Après deux ans d’attente, les agents du CNPE de Cruas-Meysse (Ardèche) ont pu déjeuner dans leur nouveau restaurant. ©Joseph Marando/CCAS

Le nouveau restaurant d’entreprise du CNPE de Cruas, dans l’Ardèche, a été inauguré le 29 janvier. Après deux ans et demi de travaux, pour un coût total de 6 millions d’euros, le bâtiment de 1 600 m2 accueillait ce jour-là les agents pour une pause méridienne particulière.

Instant solennel aux notes conviviales, au CNPE de Cruas, ce mardi 29 janvier : la pause méridienne avait des allures de grande récré… Et pour cause ! Entre l’animation musicale proposée par la SLVie locale, la distribution du livre de Blandine Bricka sur les métiers d’EDF (voir encadré), et après plus de deux ans de travaux, les agents du CNPE, déjà familiarisés la veille avec cet “outil sur mesure”, ont véritablement inauguré leur nouveau restaurant. Plus moderne et fonctionnel, spacieux et aéré, doté d’un espace cafétéria, le bâtiment conçu de façon collégiale entre la CCAS (exploitant des lieux), les directions d’EDF (propriétaire) et l’équipe de restauration est l’exemple même d’un compromis réussi.

Avec cette nouvelle structure pouvant accueillir plus de 800 convives, la restauration méridienne à Cruas prend ainsi un nouveau départ. Sorte de projet pilote, fer de lance de la restauration méridienne future imaginée par la CCAS, l’endroit laisse surtout augurer des possibilités extensibles en termes d’initiative. Pour Romain Belan, secrétaire général de la CMCAS Valence, présent au côté de Stéphane Brasseur, directeur de la centrale, “le restaurant, outre sa fonction première, se doit d’être un lieu de vie autour duquel nous devons construire un espace de rencontres, d’échanges et de promotions de nos Activités Sociales. L’architecture répond indéniablement à ce besoin. À nous de nous en emparer avec tous les acteurs, notamment la SLVIe, pour être au contact de nos agents.”

Romain Belan (à g.), secrétaire général de la CMCAS Valence, et Stéphane Brasseur, directeur de la centrale. ©Joseph Marando/CCAS

Côté cuisine et restauration, déjà dotée d’un score excellent en termes de conformité (hygiène et qualité), la structure, parée de ses nouveaux atours, comme ses moyens de productions vertueuses (tri des déchets) et une gestion écoresponsable des approvisionnements par circuits courts, entend bien poursuivre la dynamique de fréquentation de ces dernières années. Avec la volonté de favoriser davantage les productions locales. Et dans une région prospère, nul ne doute que le défi sera relevé. Et que le restaurant deviendra une halte incontournable pour tous les travailleurs et les travailleuses de la centrale.

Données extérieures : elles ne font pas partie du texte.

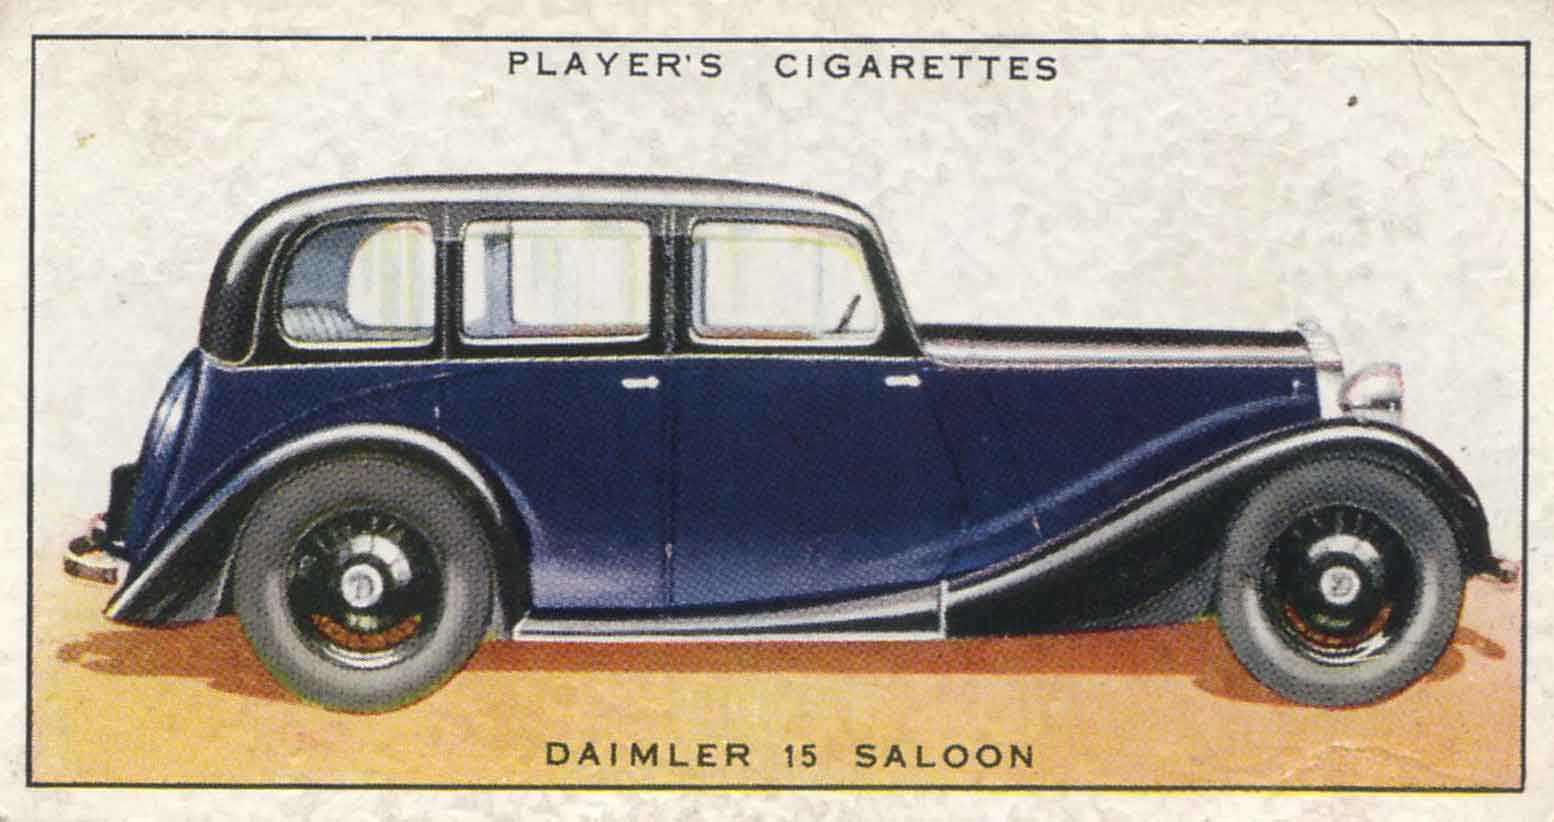 Daimler 15 Saloon. 1937 cigarette card.

Blandine Bricka à la rencontre de ses futurs lecteurs

©Joseph Marando/CCAS

C’est l’exemple même de ce que peut et doit être le restaurant. En parallèle à l’inauguration des lieux, le comité d’établissement du CNPE avait convié Blandine Bricka, auteure du livre “Électrique, les femmes et les hommes d’EDF”, à un échange avec les agents. L’occasion pour le CE, acquéreur de quelque 1  200 exemplaires de l’ouvrage, de les remettre à chaque personne présente.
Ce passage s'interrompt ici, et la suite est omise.